Chalabi is no different than Filkins. In March 2003 they both started a crash course on Mesopotamia. What makes Chalabi a magnetic character is that he's actually more open, more accessible, more comprehensible, and even more truthful than most in explaining what he has learned. Chalabi would probably not admit that he is a student: He always wants the observer to believe that he is the baptismal font. Kanan Makiya, the chronicler of Baathist totalitarianism and Arab intellectual decline, believes that Chalabi might possibly have held Iraq together in 2003-04 if both he and the Americans had acted more wisely.

I'm not convinced--Chalabi probably couldn't win an election in Iraq even if he were the only man running--but Makiya's point that Chalabi was perhaps the only Iraqi who potentially had the skills, intellect, international ties, and all-critical family connections to process all that was going on is probably more true than false. Filkins deserves credit for trying to understand this radioactive personality; I just wish he'd been less conventional about it.

With all his literary problems, Filkins is still well worth reading. And for those who want to digest an eyewitness rendering of the savagery and sadness that befell Iraq between 2004 and 2007 (and all of us should) there is no more upsetting account published. Filkins was scarred by Iraq: A young Marine lance corporal, William Miller, died helping him and a colleague get a photograph of a dead Iraqi, quite likely saved Filkins's life in the process, and Filkins can't shake the guilt and fortuity surrounding the corporal's death. His spiritual wounds haunt the book and certainly make it, at times, a compelling read.

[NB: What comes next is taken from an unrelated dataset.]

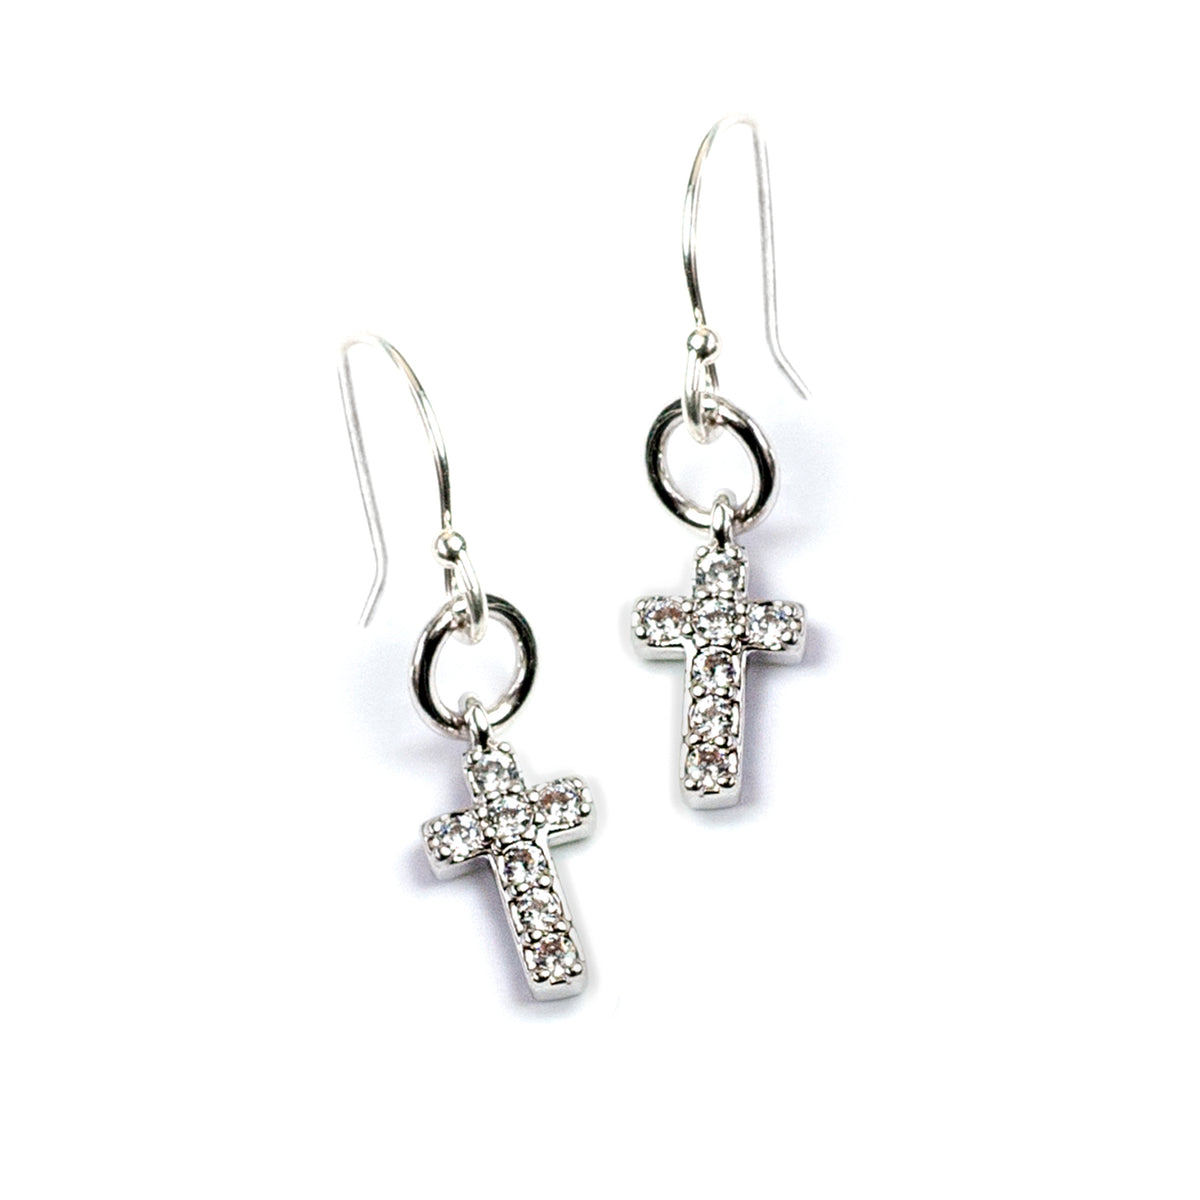 Religious – Sweet Romance Jewelry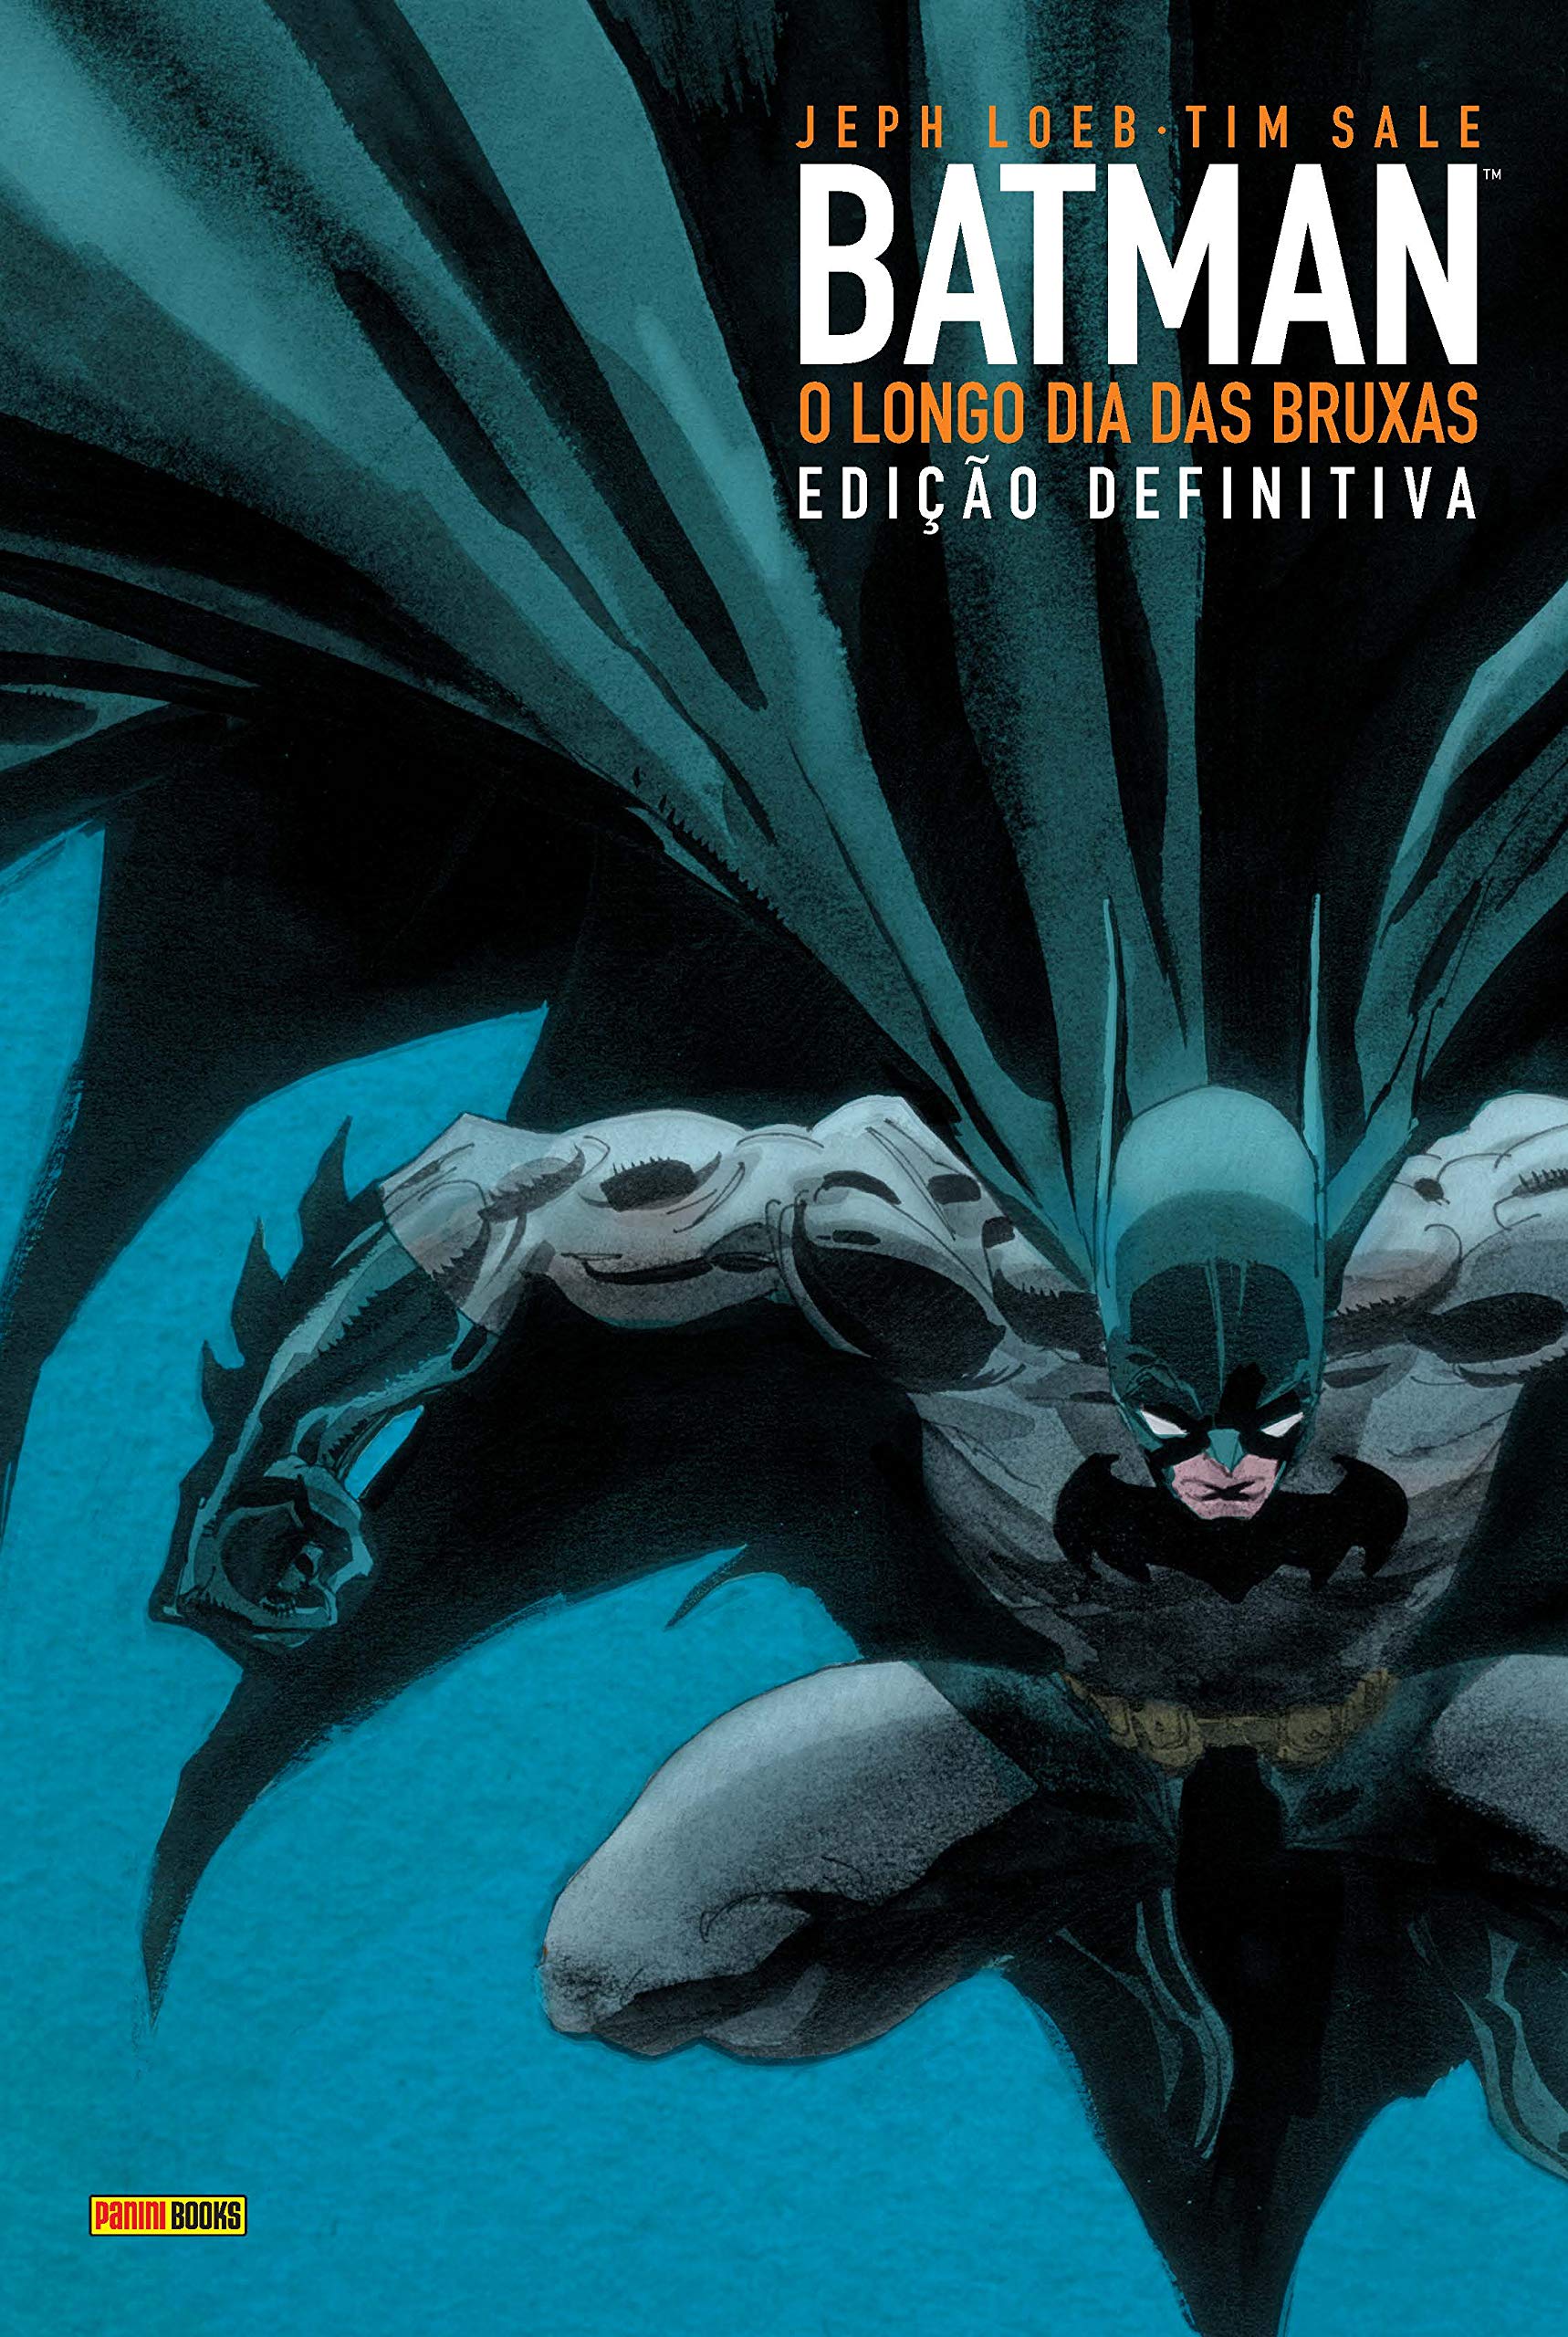 Capa da edição definitiva da HQ 'Batman: O Longo Dia das Bruxas'

No other writer has been as sardonically descriptive of Iraq's unbelievable routine bloodletting: The scattering of eerily life-like severed heads and intact spinal columns of suicide bombers, and the lexical creativity required to deal with all this killing:

The insurgents were always looking for a new and improved way to deliver a bomb. First came the car bombs, then the suicide bombers, then the car bombs driven by suicide bombers. Every time the insurgents figured out a new delivery system the Americans gave it a new acronym. Or most of the time. Car bombs, for instance, were VBIEDs, pronounced VEE-BID, for Vehicle-Born Improvised Explosive Device. Suicide bombers were called SVBIEDs, for Suicide Vehicle Born Improvised Explosive Device. I never heard the acronym for suicide bombers on bicycles; they rode them into weddings and funerals. The insurgents hid bombs underneath dead animals, especially dogs. No acronym for that. And then they strapped bombs to dogs. Live bombs to live dogs. That would be DBIED, or Dog-born IED. Also, the D could have stood for Donkey, when they tied bombs to donkeys.

Filkins ran incessantly along the Tigris in Baghdad, at considerable risk to himself, to escape from the boredom of the claustrophobic, heavily guarded Times compound and, no doubt, to sweat out the ugliness and demons that inevitably become the bedrock of the mordant humor that sustain life in surreal circumstances. It's a good bet that, no matter where Filkins goes in the future, he will be forever running in Baghdad.

This was his war, and there is no chance in hell that it will ever let go of him.

Reuel Marc Gerecht is a contributing editor to THE WEEKLY STANDARD.